Okay, so I ordered a ginger ale instead of a bourbon and ginger. And I actually listened to the man singing his songs, rather than trying to flirt with every female within 20 feet of me. And I left after 30 minutes because after hearing seven songs they all started sounding alike. Okay, okay, so I'm an old fuddy-duddy. But I realized something important for me to know last night...
I demand more of my time.
So now I'm sitting here today, musing about that. What do I want out of life these days? And the answers come flooding in on me, like water over a fall. I want peace. I want joy. I want love. I want enrichment -- something that adds value to my moment and my being. I want awareness -- something that opens my senses to more and more of the reality around me. I want consciousness -- something that produces an expanded experiential understanding of life itself, its purpose and its invitation, its opportunity and its glory, and the wonder of its ultimate meaning.
I was not getting much of that at the piano bar last night.
This was not the piano man's fault. He did what he does. He sang his songs, took requests, smiled genuinely at all the people. He entertained, and he was good at it. It's just that I wanted more. Or, to put it perhaps another way, I had enough. After 30 minutes, I had had enough. I needed to move on. A quiet walk under the stars would have brought me more of what I was yearning for, or a good conversation with friends, or lying silently in the embrace of my beloved, without any word being spoken at all.
And now, today, I look at my life and decide again, Who Am I? And how do I wish to demonstrate that today? What is important to me? And how do I wish to use the Time of My Life? What if I had only a few days or weeks or months left? What would I do and say? With whom would I communicate? What would my message be?

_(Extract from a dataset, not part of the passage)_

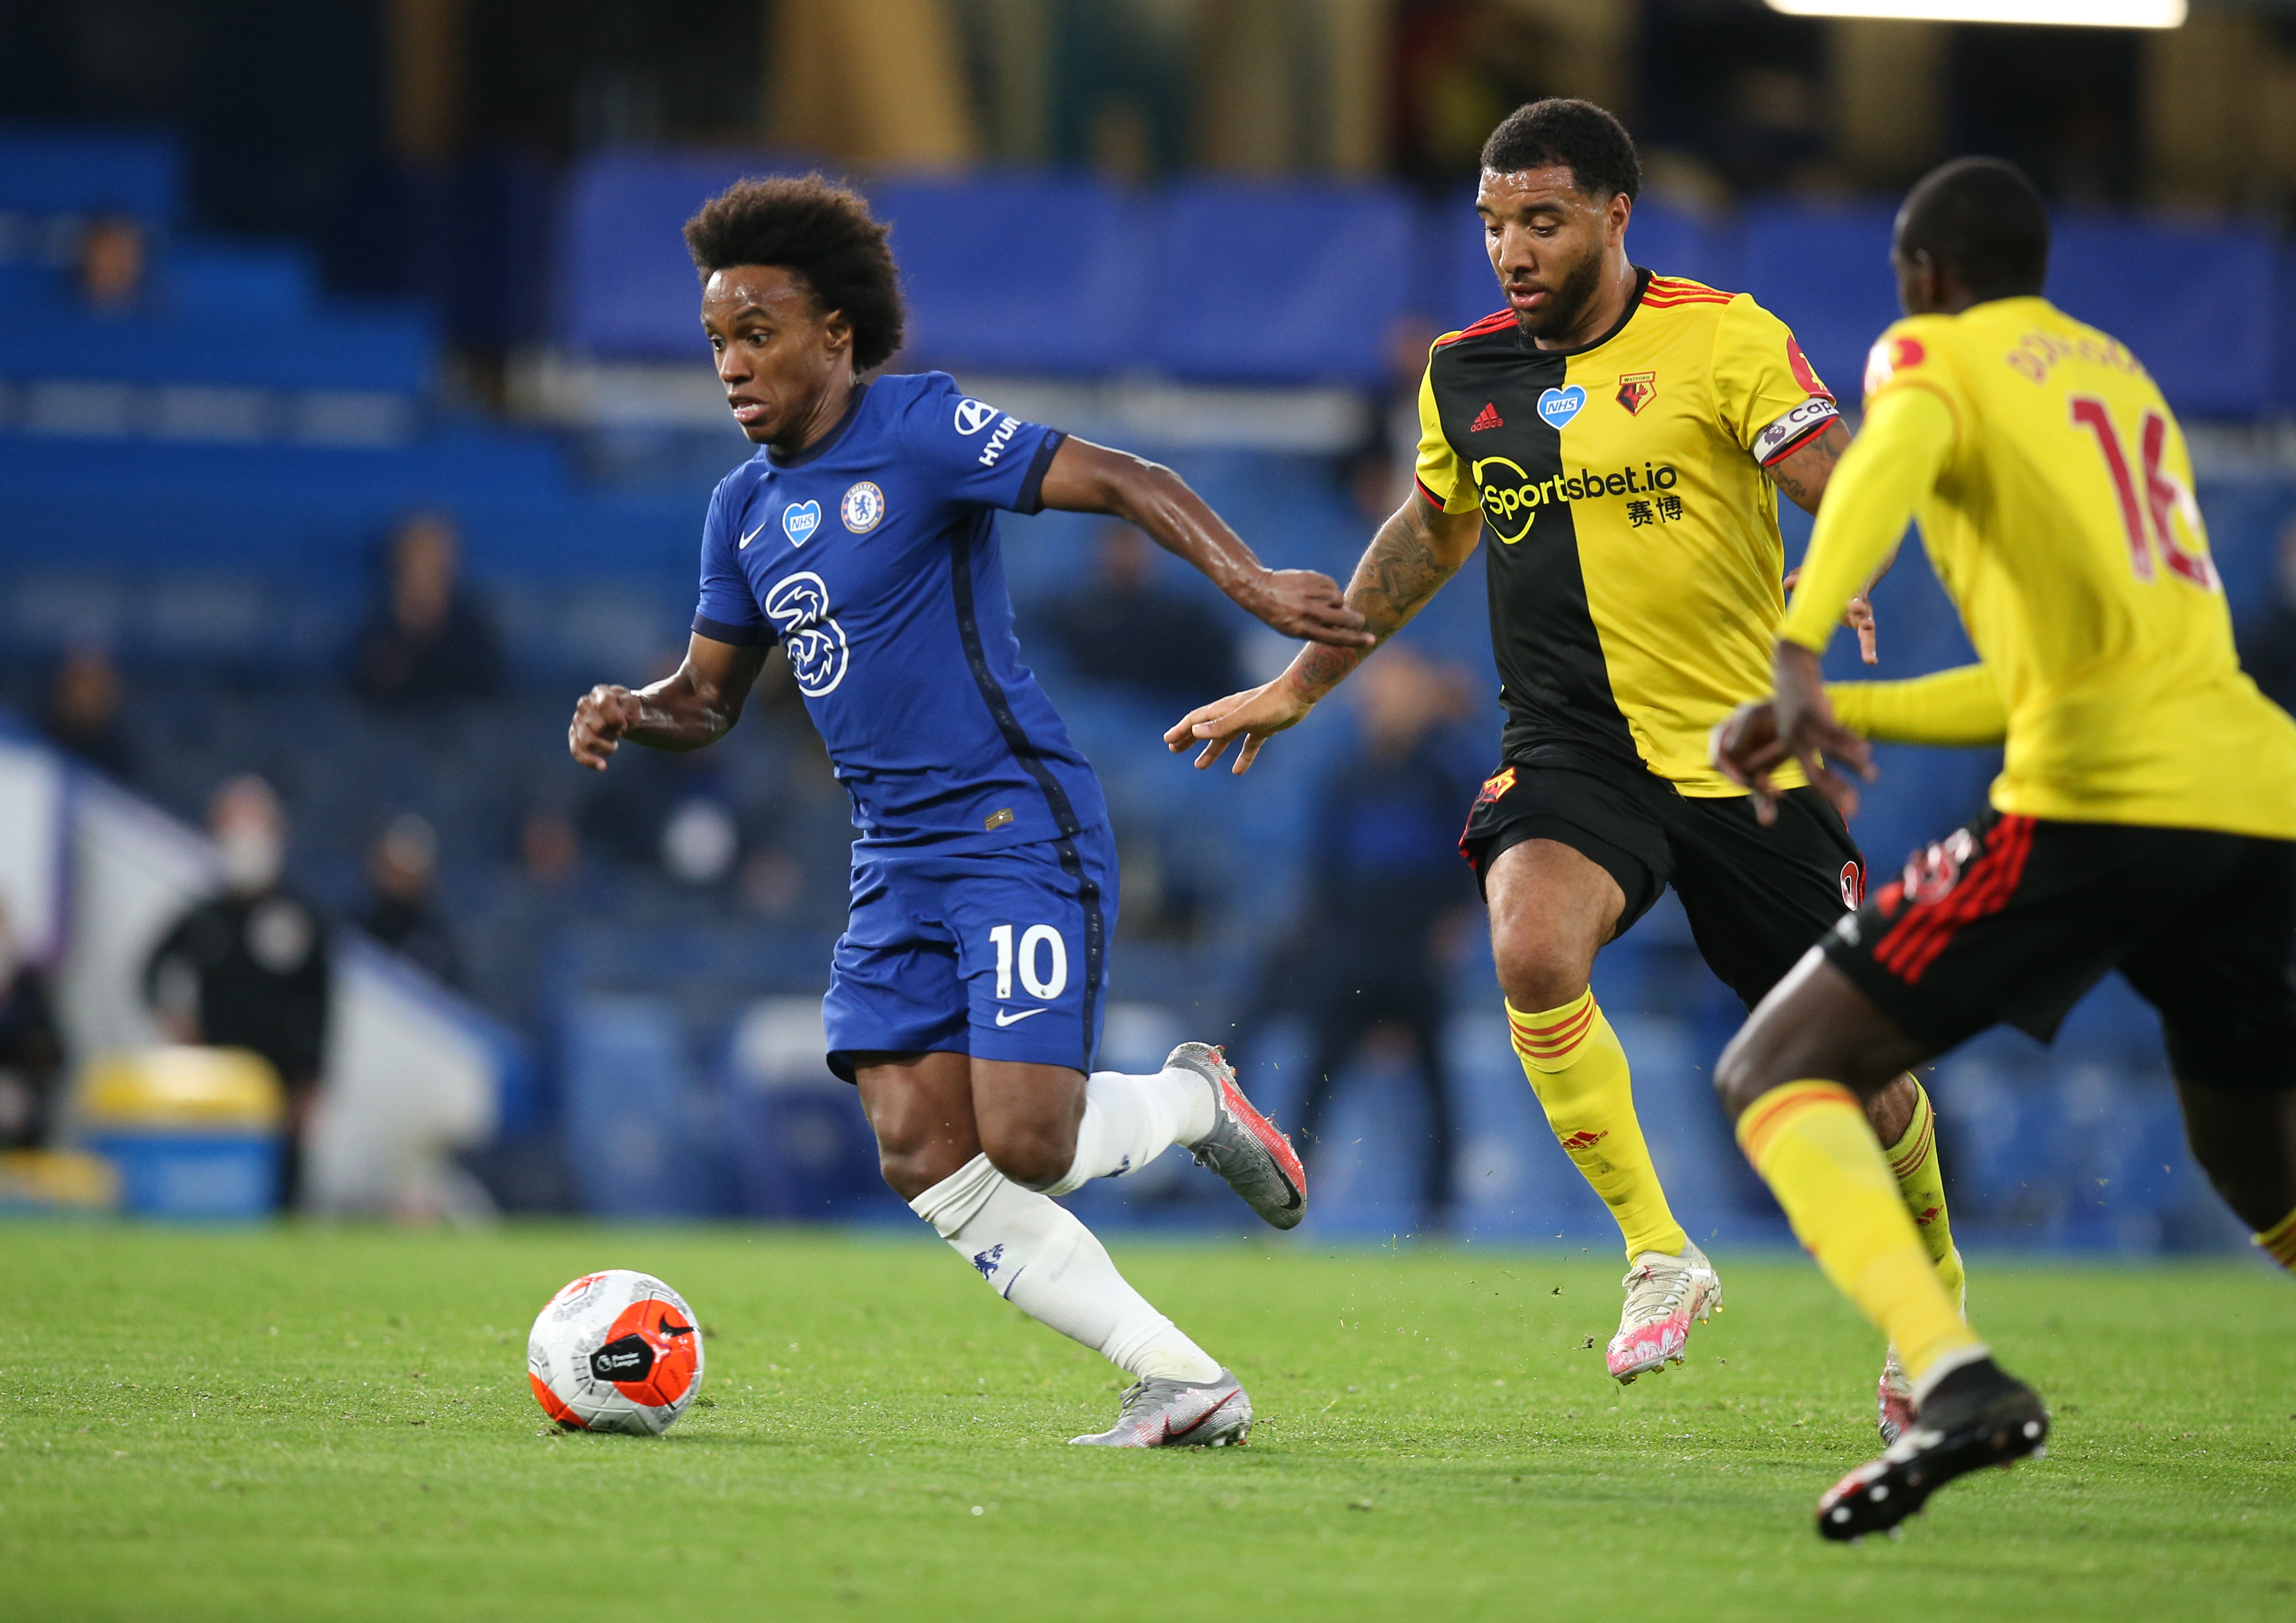 What can Willian bring to Arsenal's attack?

I think that first, I would talk with God. Oh, God, thank you for this wonderful life! I am so grateful! And how I have enjoyed it! Even the dramas. Even the "bad" moments. My only wish is that I could have moved through it all without hurting so many others. Please God, help me to find a way to forgive myself for those transgressions. I remember every one of them---even the ones that not another living soul knows about or suspects. Help me to remember my offenses with a gentle compassion, and grant me the grace to feel good about myself in spite of myself. And thank you, God, for all the good times, all the abundant joy, all the laughter and all the love. Thank you for the talents that you gave me, of which I used only a tiny portion. Remind me in my next lifetime to use more. And dear God, on these, my final days, please help me to bring harmony to my world, and to show my fellow travelers on this planet a way to end their conflicts and to find lasting happiness. Let me be an instrument of Thy peace, oh God, that I may leave a gift worthy of the gift you have given me.